Driven by increasing core count and decreasing mean-time-to-failure in supercomputers, HPC runtime systems must improve support for dynamic task-parallel execution and resilience to failures. The async-finish task model, adapted for distributed systems as the asynchronous partitioned global address space programming model, provides a simple way to decompose a computation into nested task groups, each managed by a `finish’ that signals the termination of all tasks within the group.

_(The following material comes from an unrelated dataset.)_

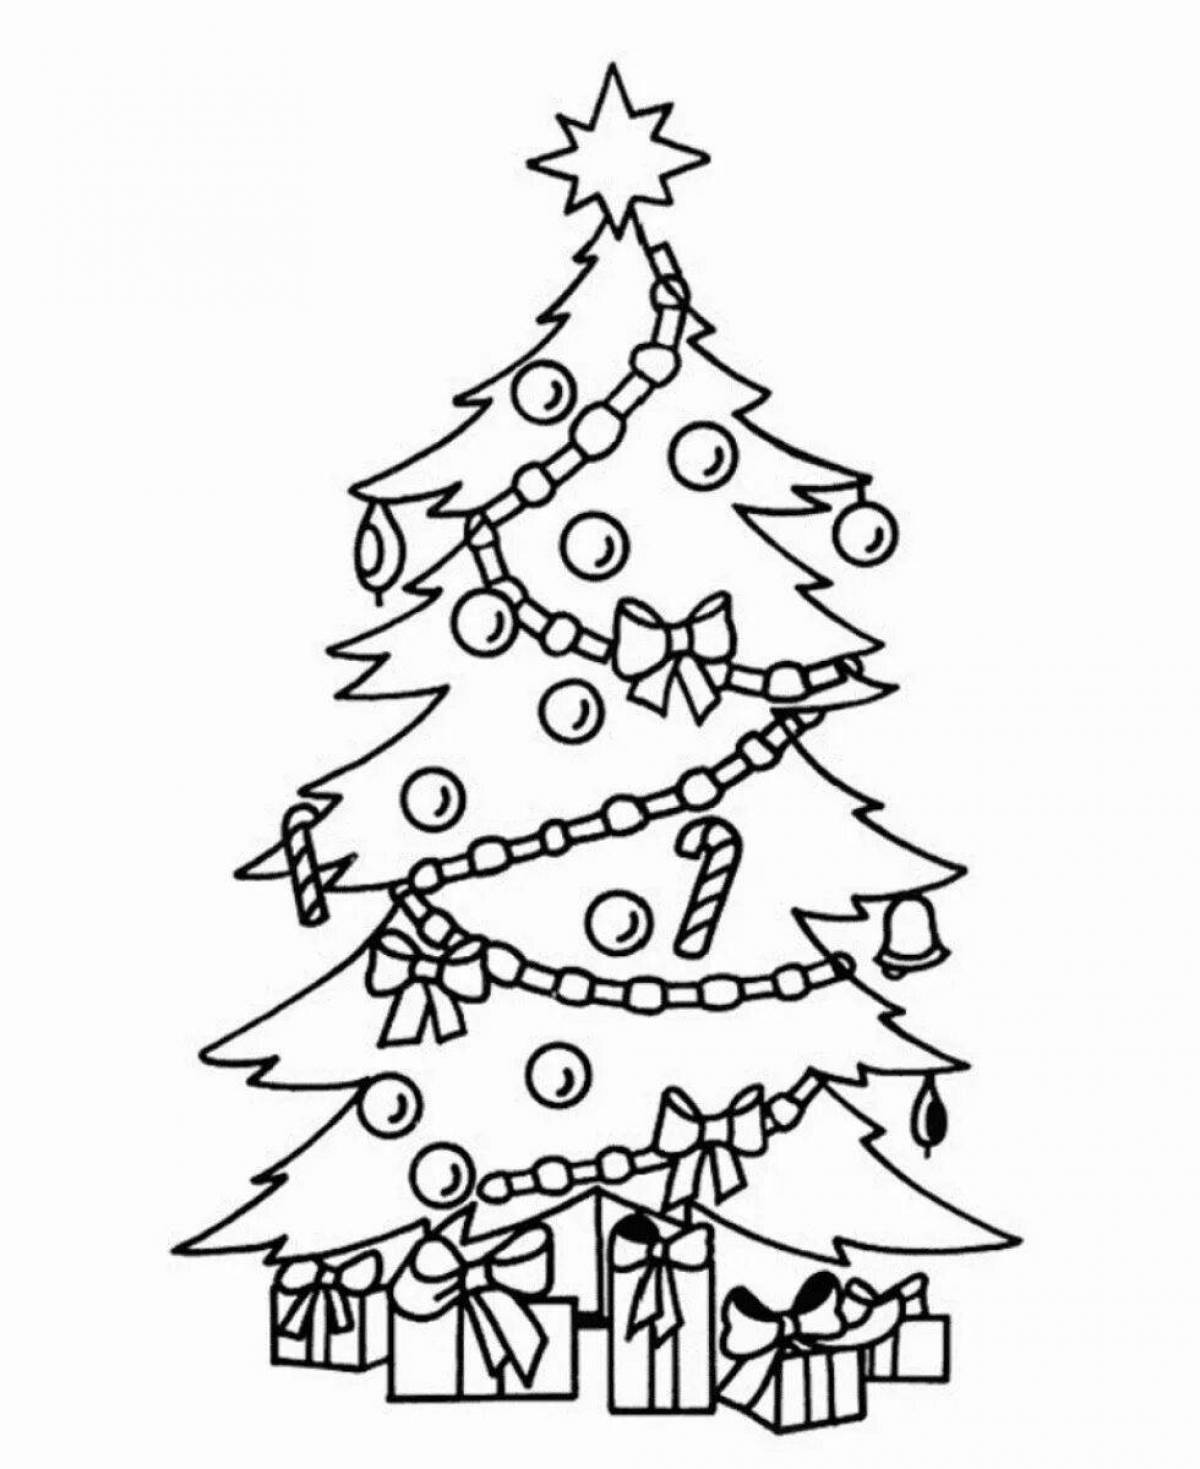 Fun coloring christmas tree for kids

For distributed termination detection, maintaining a consistent view of task state across multiple unreliable processes requires additional book-keeping when creating or completing tasks and finish-scopes. Runtime systems which perform this book-keeping pessimistically, i.e. synchronously with task state changes, add a high communication overhead compared to non-resilient protocols. In this paper, we propose optimistic finish, the first message-optimal resilient termination detection protocol for the async-finish model. By avoiding the communication of certain task and finish events, this protocol allows uncertainty about the global structure of the computation which can be resolved correctly at failure time, thereby reducing the overhead for failure-free execution.

Performance results using micro-benchmarks and the LULESH hydrodynamics proxy application show significant reductions in resilience overhead with optimistic finish compared to pessimistic finish. Our optimistic finish protocol is applicable to any task-based runtime system offering automatic termination detection for dynamic graphs of non-migratable tasks.